What to do:
The full listing, returned exactly and free of pictures, is the expected answer.

:: Recorded data ::

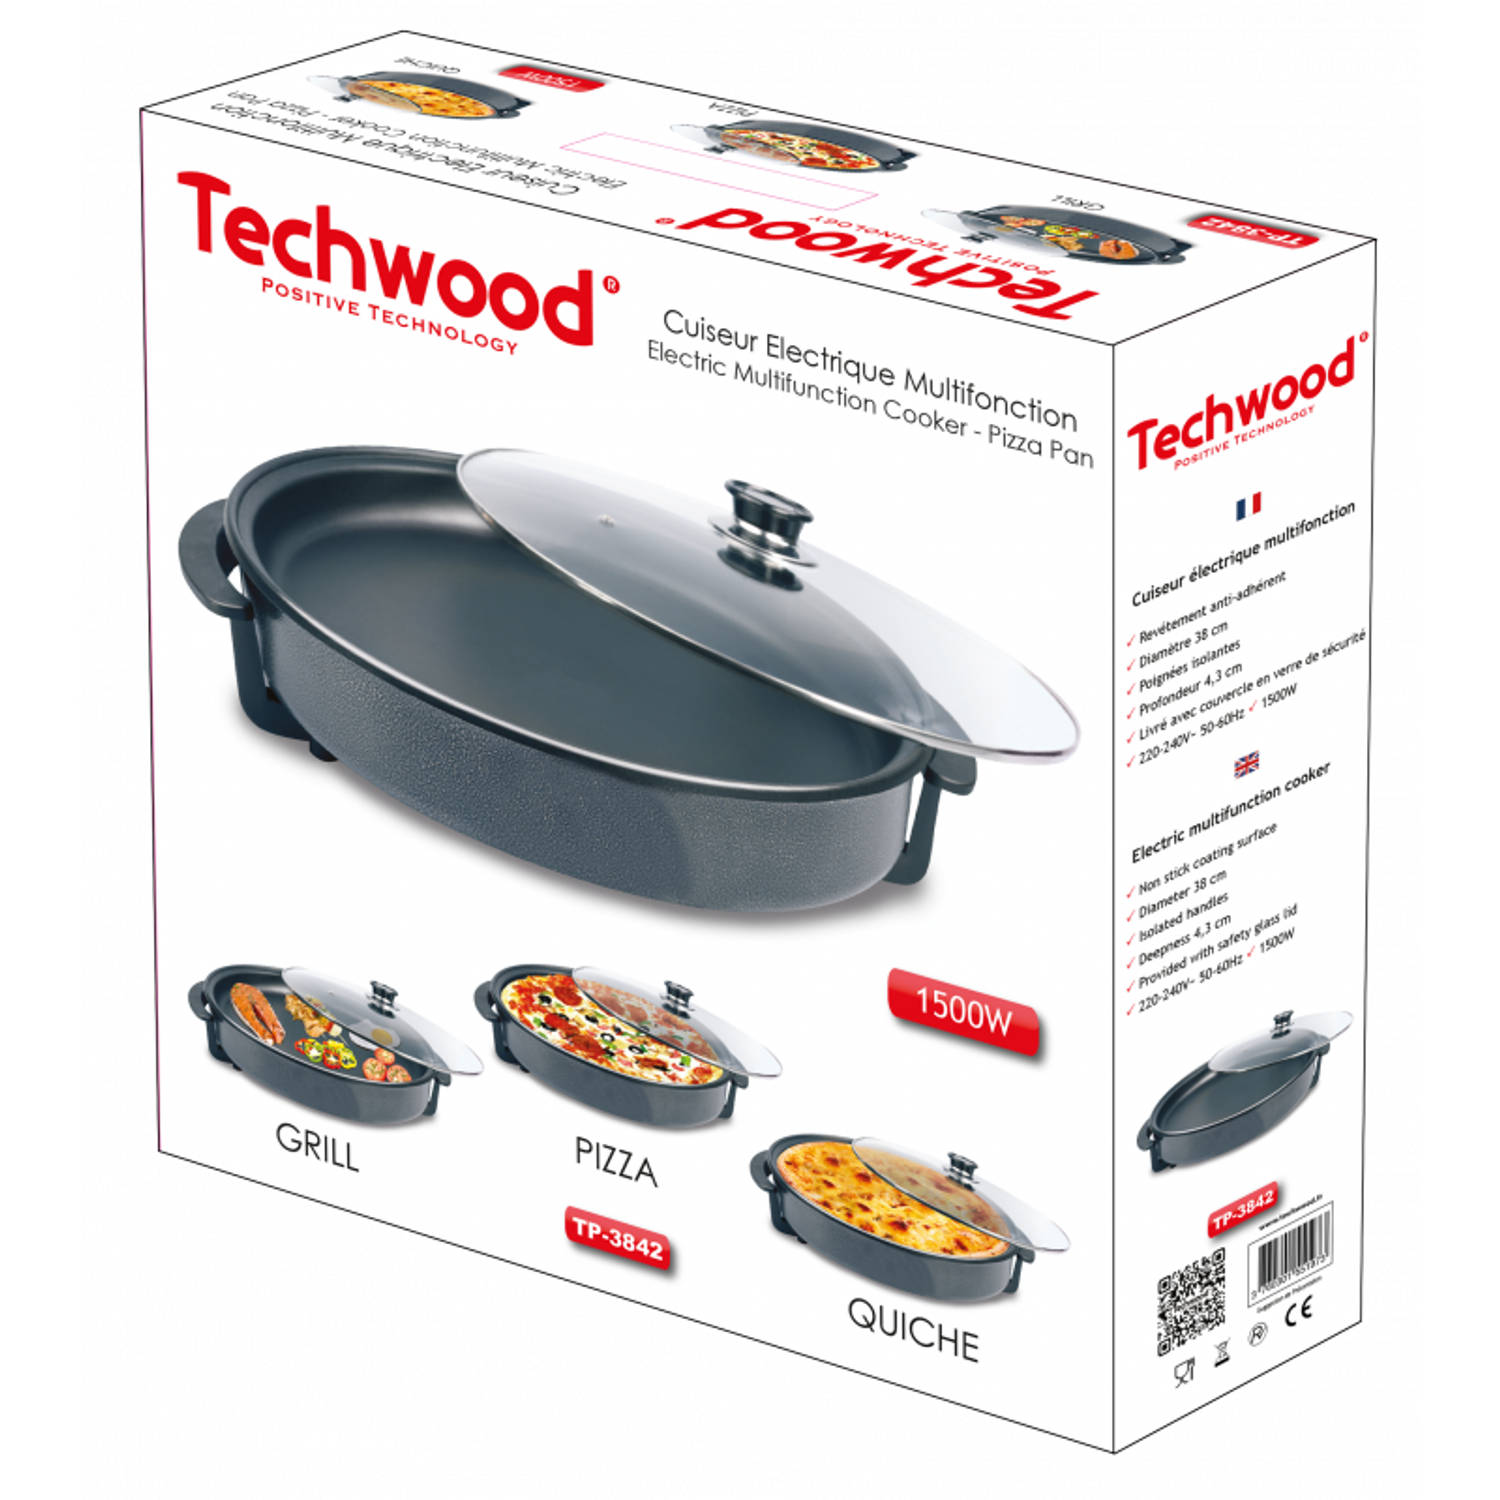 Techwood elektrische hapjespan tp3842- pizza pan - multifunctionele cooker - ø cm |
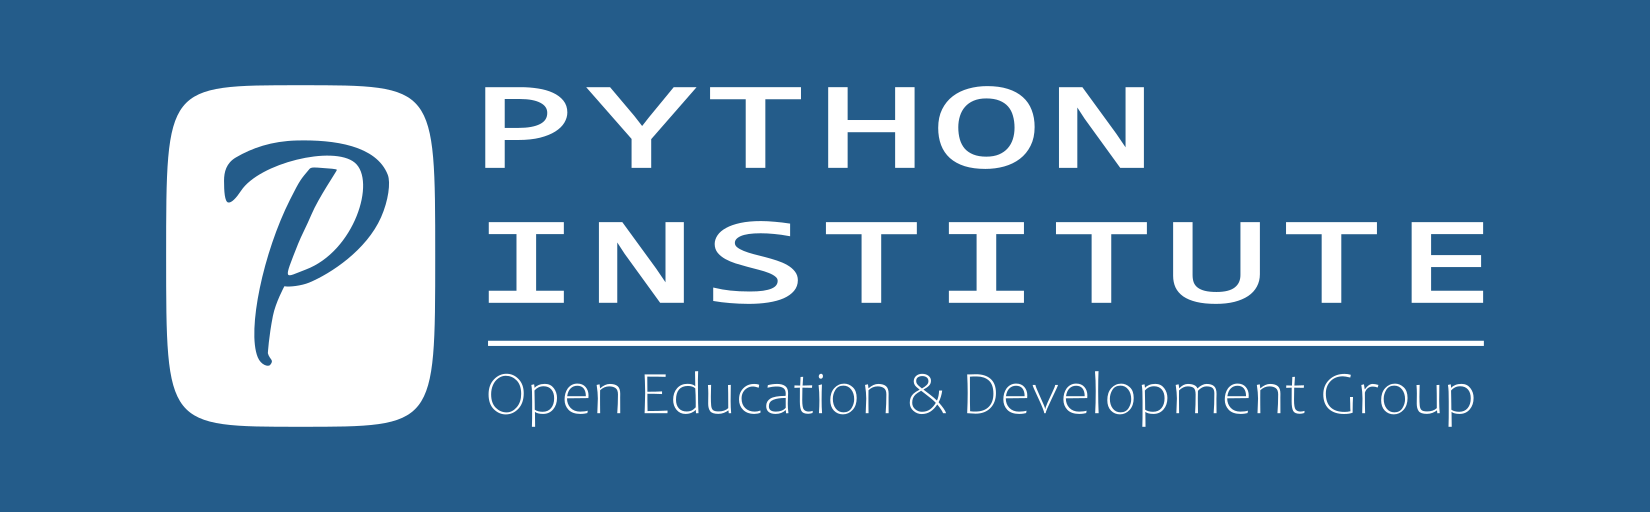 OpenEDG Python Institute
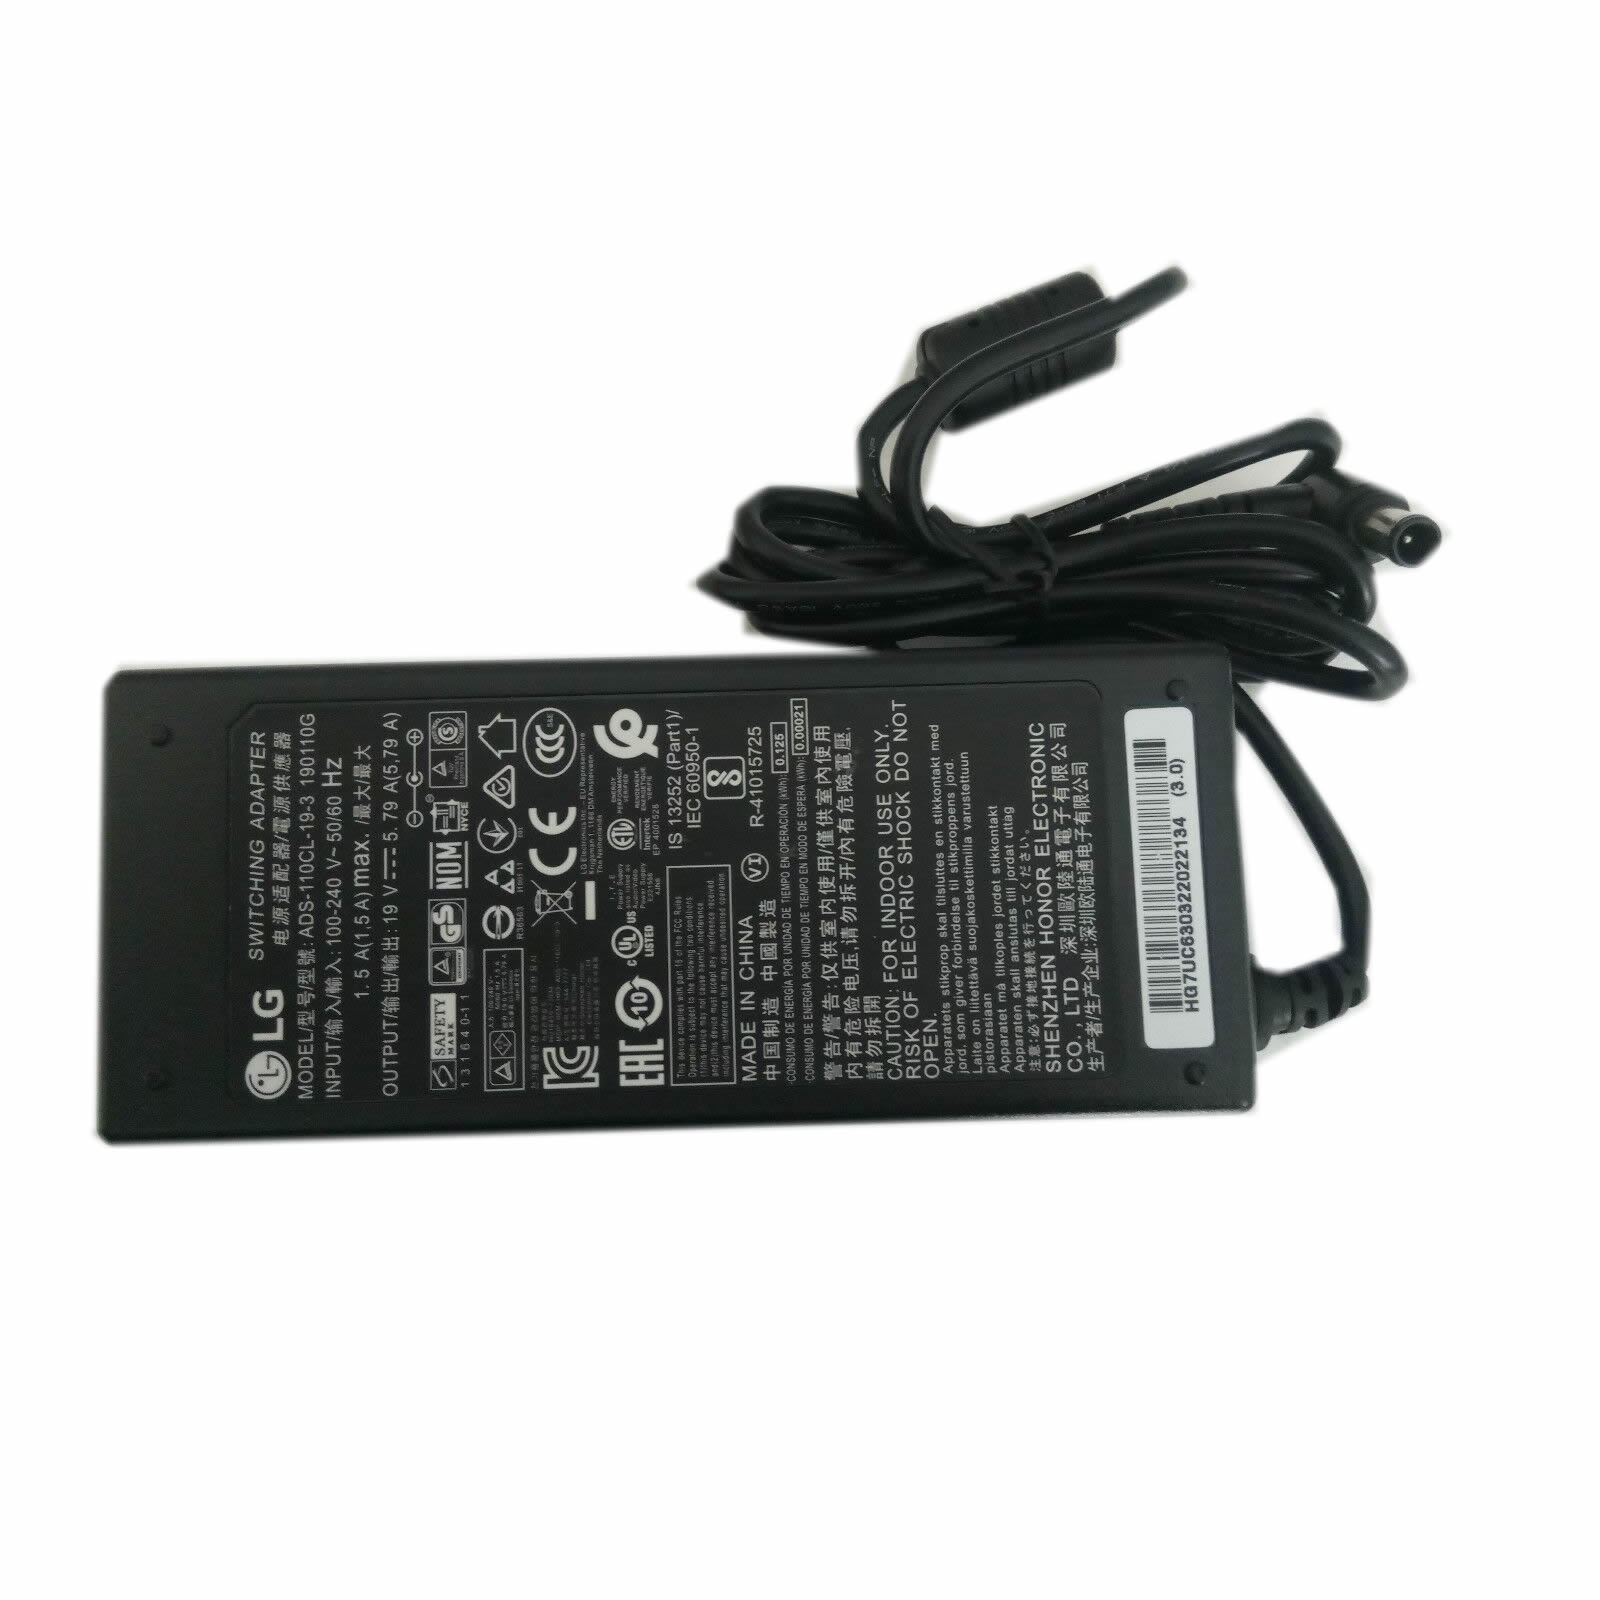 LG ADS-110CL-19-3 190110G EAY63032202 adaptateur chargeur 19V 3.42A 65W alimentation originale pour LG PF1500G, 34UM95C séries

:::

Answer section:
 Techwood elektrische hapjespan tp3842- pizza pan - multifunctionele cooker - ø cm |
 OpenEDG Python Institute
 LG ADS-110CL-19-3 190110G EAY63032202 adaptateur chargeur 19V 3.42A 65W alimentation originale pour LG PF1500G, 34UM95C séries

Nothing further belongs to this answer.